Accusé d’avoir participé aux violences contre les néonazis, Zaid se retrouve embarqué dans cette affaire : « Mon nom a fuité dans la presse et la police a débarqué chez mes parents fin 2023, mais je n’y étais pas. » Lui qui a fui à ses 11 ans la guerre civile syrienne pour l’Allemagne, avec un statut de réfugié, se retrouve de nouveau en cavale. Épuisé, il finit par se rendre, avec d’autres militants, à la police allemande. « J’ai passé 108 jours de prison à Cologne et j’ai été libéré sous contrôle judiciaire », nous confie le jeune homme, toujours avec un large sourire. Les antifascistes inquiétés par la justice allemande dans le cadre de l’affaire Budapest risquent gros : une condamnation à 5 ans de prison en mai 2023 pour Lina, et 9 ans de détention requis par le parquet de Munich dans le procès de Hanna, en septembre 2025.
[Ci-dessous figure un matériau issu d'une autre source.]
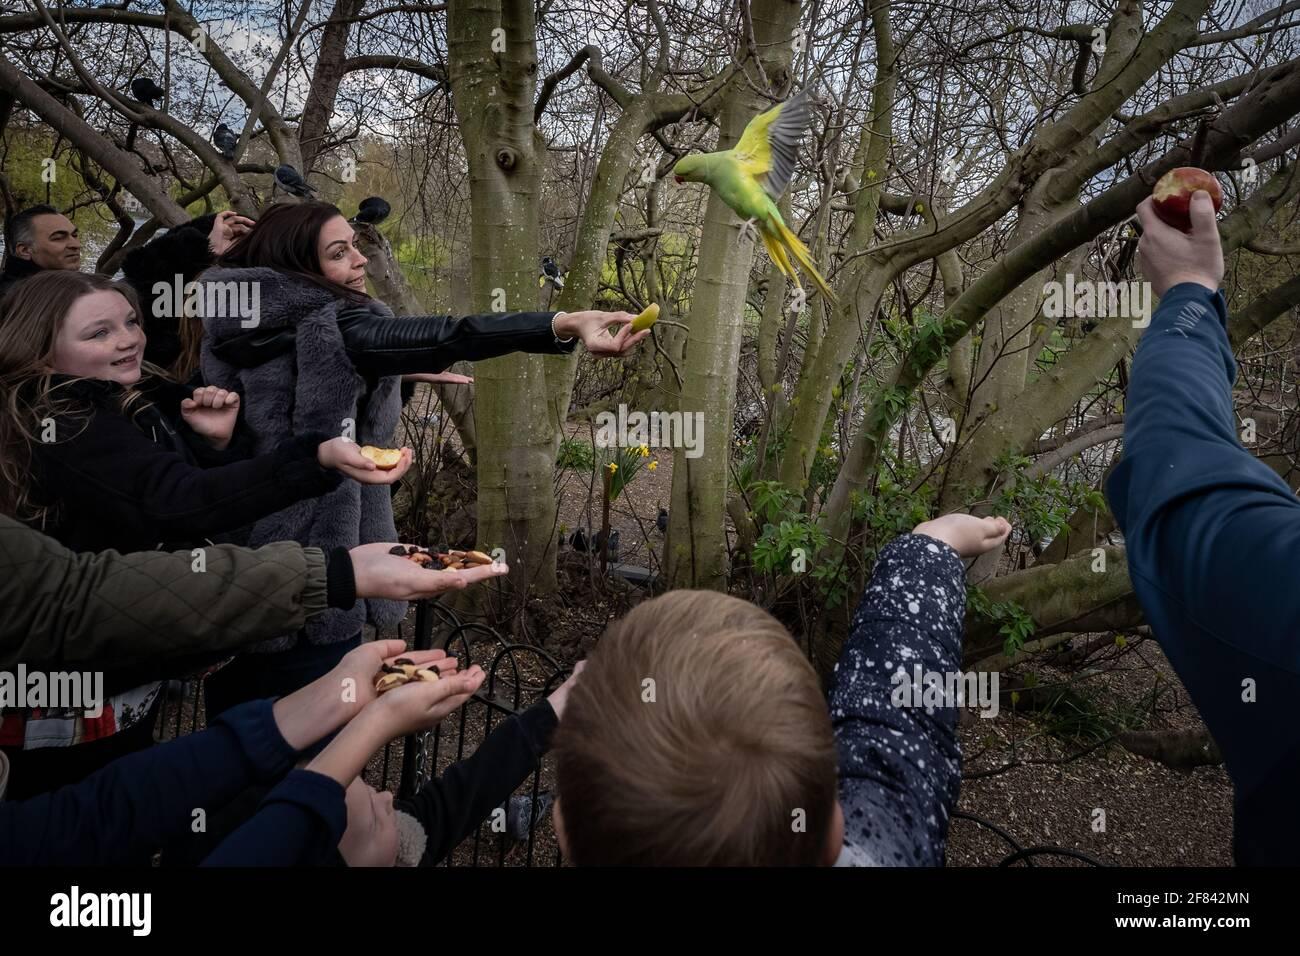 Londres, Reino Unido. 11th de abril de 2021. Clima en el Reino Unido: Los turistas alimentan a los Parakeets locales de cuello redondo en una suave tarde de domingo en St. James's Park. Crédito: Guy Corbishley/Alamy Live News Foto de stock

Après la victoire de Gino, celle de Zaid ?

« Pour moi, l’enjeu c’était surtout d’éviter que la demande d’extradition de la Hongrie soit examinée en Allemagne », explique Zaid. Le cas du militant albanais Gino convainc Zaid de se rendre aux autorités judiciaires françaises, le 1er octobre 2025. En effet, Gino, arrêté fin 2024 par la sous-direction antiterroriste et incarcéré pendant 4 mois à Fresnes, bénéficie d’un fort soutien militant, et sa demande d’extradition est rejetée par la justice française en avril 2025, en raison de risques de torture et d’un procès inéquitable. Les mêmes motifs sont avancés par la justice italienne pour s’opposer, en mars 2024, à l’extradition de Gabriele Marchesi. « Le temps est venu, pour moi aussi, de parler de mon affaire, clame Zaid. Je ne veux plus vivre sous pression, caché, dans la défensive. Je veux enfin pouvoir autodéterminer ma vie : trouver un travail, un logement stable, aller de l’avant, continuer le sport et la musique. Viktor Orbán essaye de persuader la France qu’en Hongrie, il y a des procès équitables et des conditions de détention dignes, mais ce ne sont que des mensonges. »
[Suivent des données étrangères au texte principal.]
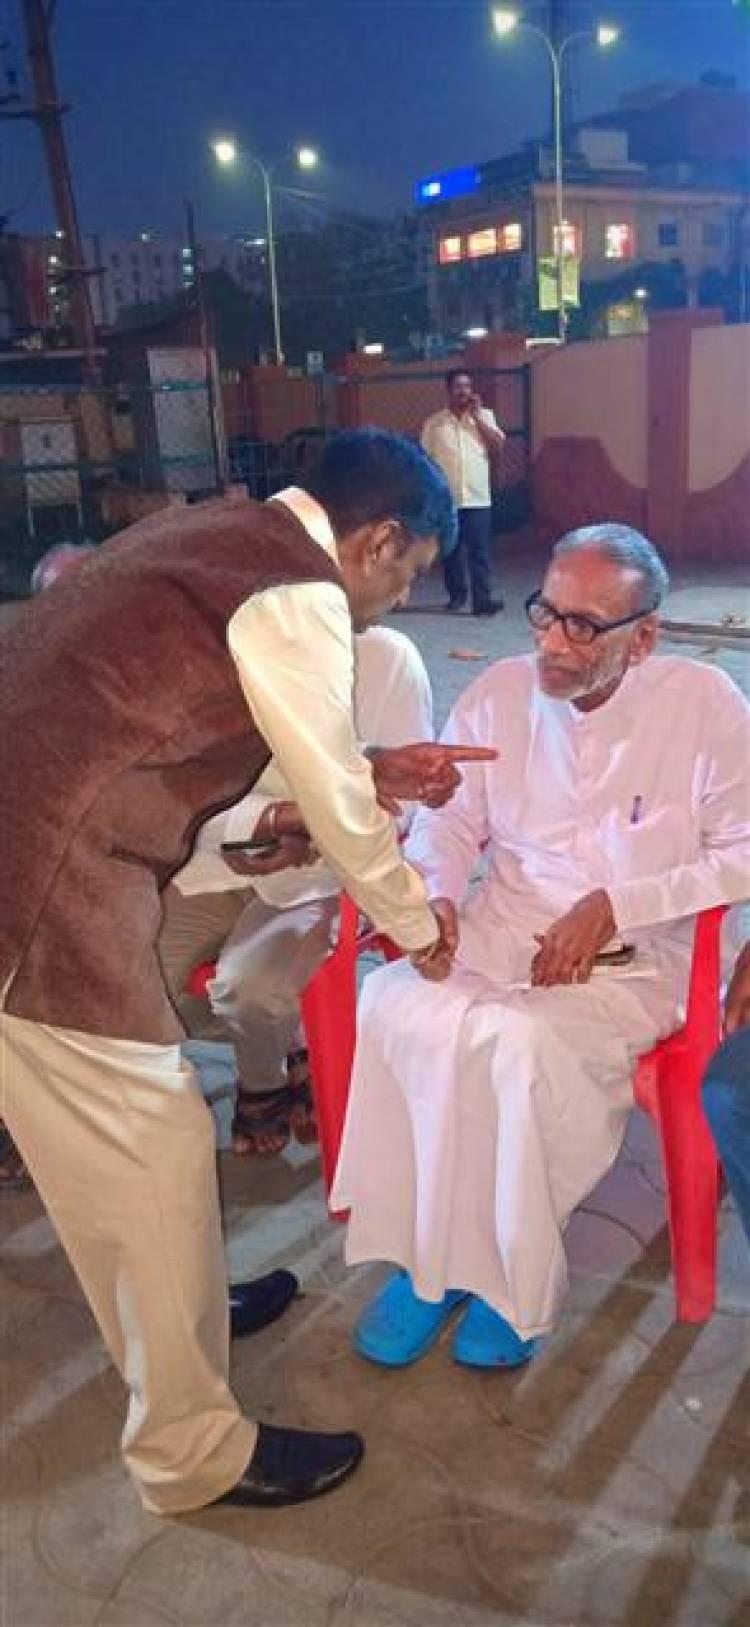 இயக்குநர் ஈ ராமதாஸ் மகன் திருமணம்........பிரபலங்கள் நேரில் வாழ்த்து

La mobilisation pour Gino a rencontré un large soutien, des antifas à La France Insoumise en passant par des personnalités du monde de la culture (photo du Comité Solidarité Budapest)

Une audience est prévue le 12 novembre 2025 pour statuer sur la demande d’extradition de Zaid vers la Hongrie. En attendant, son passeport est aux mains de la justice et il doit pointer chaque semaine au commissariat. Rien n’est joué d’avance. En février 2025, Maja T. a refusé d’admettre sa culpabilité en échange d’une peine de 14 ans de prison, ce qui laisse entrevoir l’importance de la peine finale encourue. Le 7 octobre 2025, le Parlement européen a voté le maintien de l’immunité d’Ilaria Salis à seulement 306 voix pour et 305 contre. Et n’oublions qu’après le procès sur le fond, la Hongrie pourra formuler une nouvelle demande d’extradition de Gino. Viktor Orbán, grand ami de Donald Trump et de Vladimir Poutine, a de sérieuses cartes en main pour faire pression sur la France, dont les institutions sont gangrénées par l’extrême droite. La mobilisation pour Zaid reste donc à construire, ici et maintenant.